Nello stesso articolo – e come ha dichiarato in un’intervista Max Blumenthal, direttore di Thegrayzone (4) – apprendiamo che la lobby dei pistacchi avrebbe fatto pressioni su Washington per acuire le tensioni con il proprio principale competitor a livello mondiale, ossia l’Iran – così da giustificare le sanzioni sul prodotto.

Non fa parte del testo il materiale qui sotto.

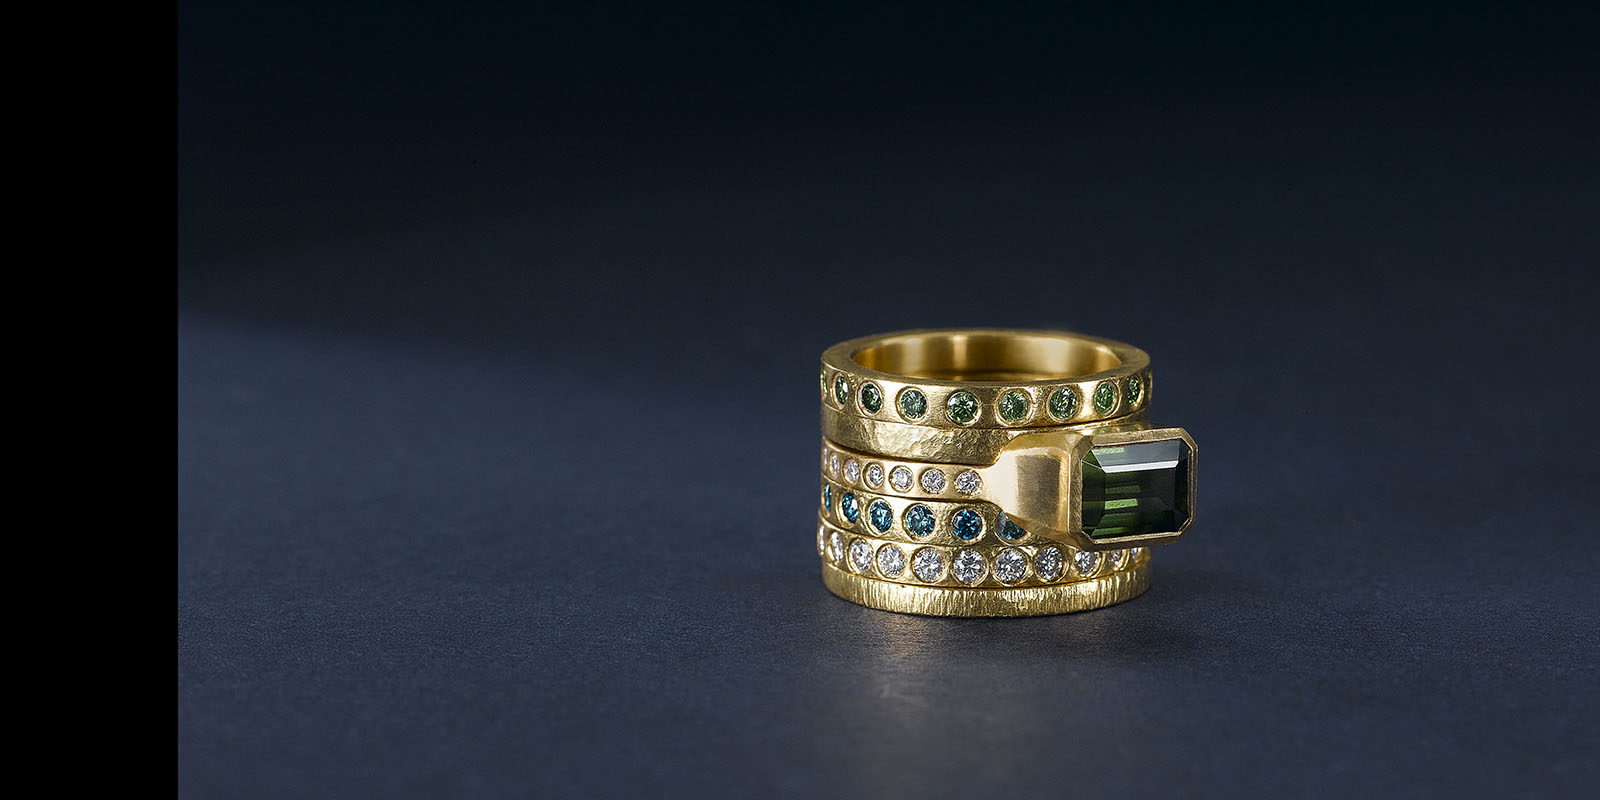 Stacking bands. 22 karat gold, color diamonds. Tourmaline solitaire.

Ciliegina sulla torta, come fanno notare i colleghi di The Canary, mentre i Resnick – che possiedono la Fiji Water – “importano acqua imbottigliata dal Sud Pacifico, esportano colture ad alto consumo di acqua dalla California”.
La scusa del nucleare
Le sanzioni unilaterali statunitensi non hanno solamente il fine di evitare che l’Iran sviluppi armi nucleari (anche se, dal momento che Israele ha disatteso gli accordi internazionali, sviluppandole, non si capisce perché altri Stati, come il Pakistan ha già fatto, non possano procedere in tal senso), ma anche di favorire il commercio di postacchi – come faceva notare Irene Pasqua, già nel 2019, in un articolo pubblicato da Ispi Watch.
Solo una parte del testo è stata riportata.